**SUPPLIED DATA**:
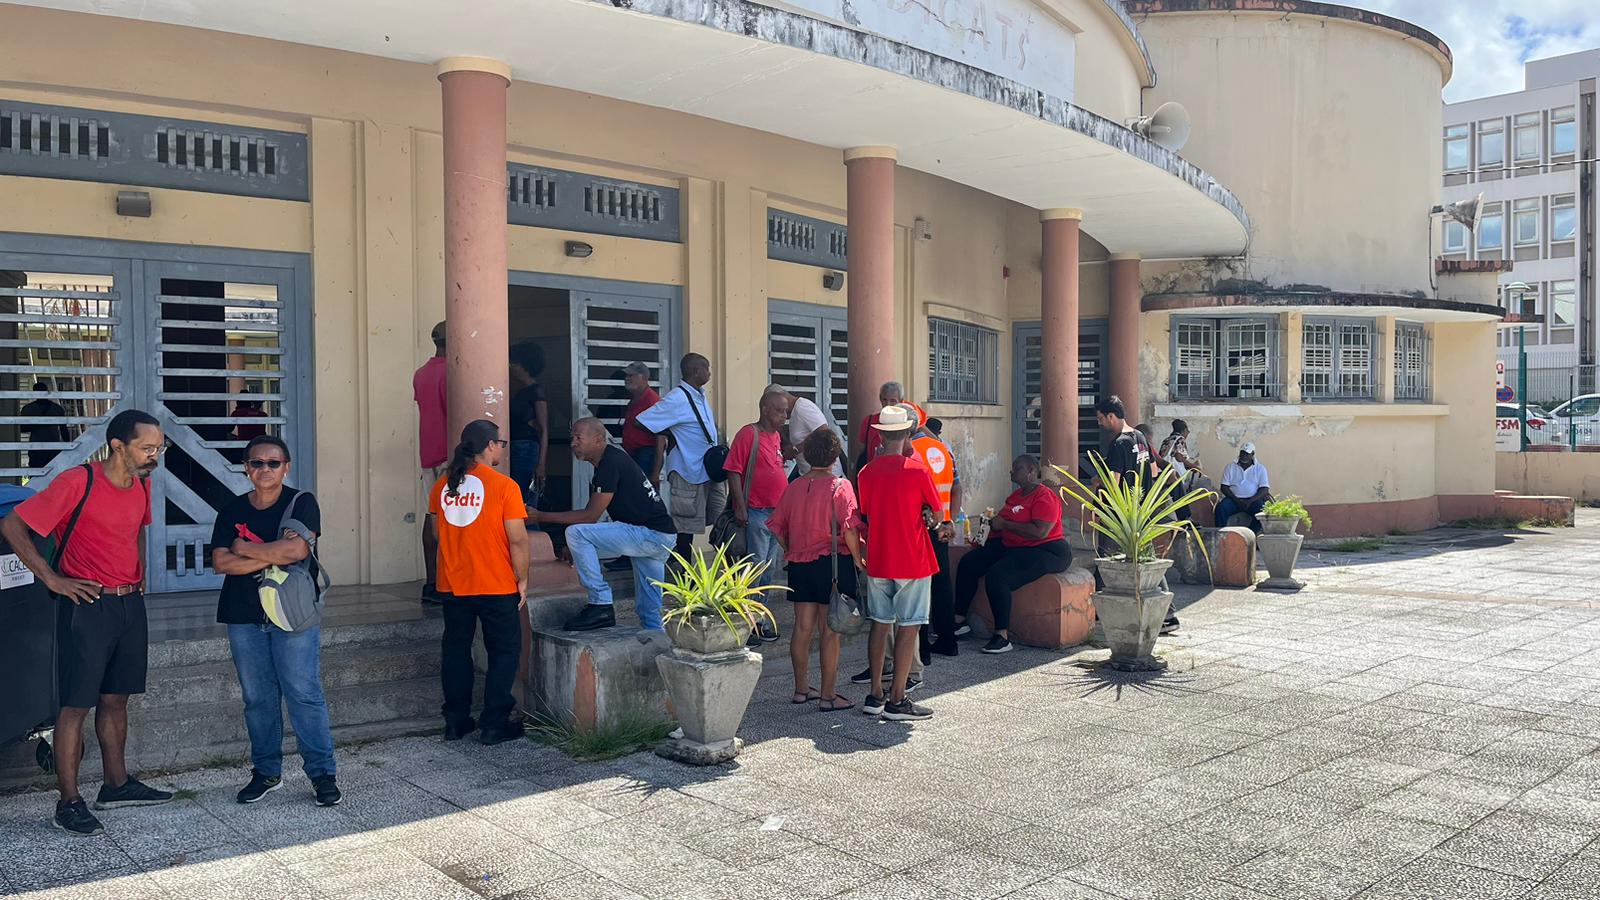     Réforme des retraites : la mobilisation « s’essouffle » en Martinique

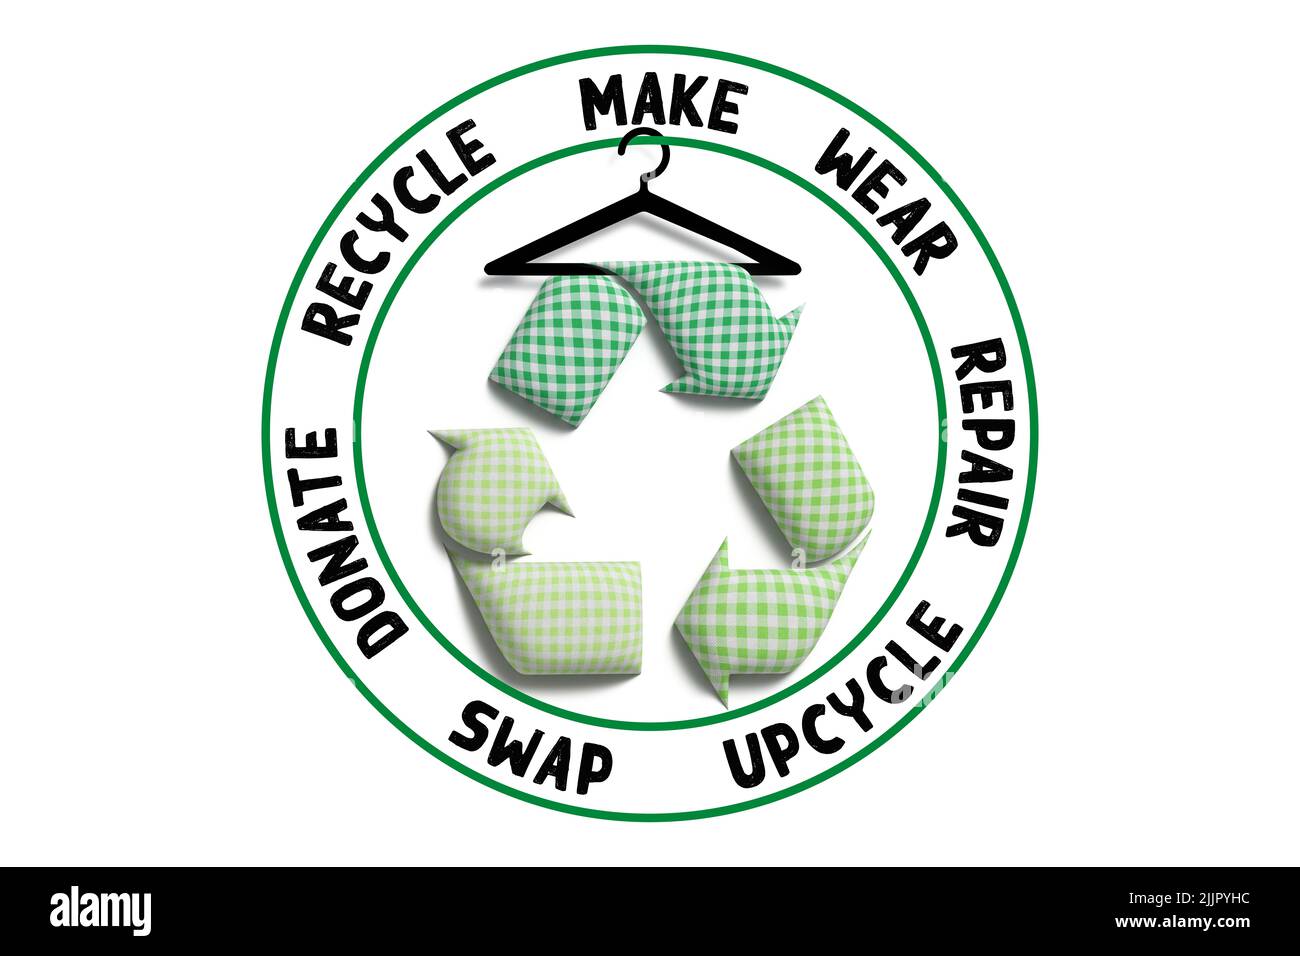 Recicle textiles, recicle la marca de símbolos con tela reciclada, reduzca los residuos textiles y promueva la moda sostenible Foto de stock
---
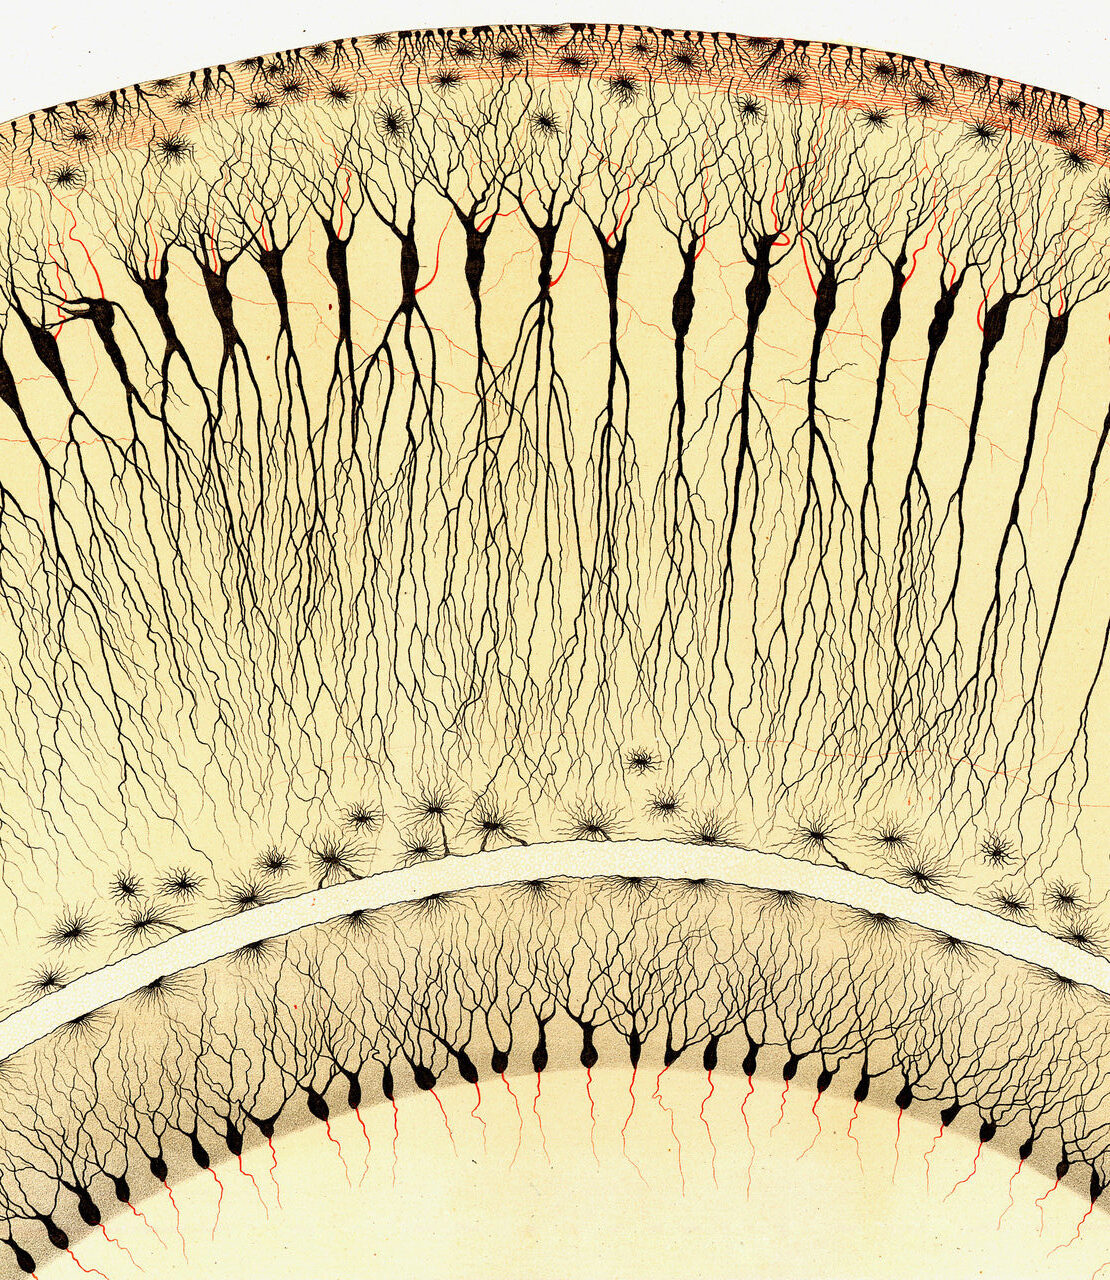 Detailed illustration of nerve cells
==
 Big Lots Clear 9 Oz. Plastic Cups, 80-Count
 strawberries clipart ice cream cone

**YOUR TASK**:
Please return only the lines above, starting at the line that has "Big Lots Clear 9 Oz. Plastic Cups, 80-Count" and ending at the line that has "strawberries clipart ice cream cone", keeping both and leaving each one unchanged.

**TASK RESULT**:
 Big Lots Clear 9 Oz. Plastic Cups, 80-Count
 strawberries clipart ice cream cone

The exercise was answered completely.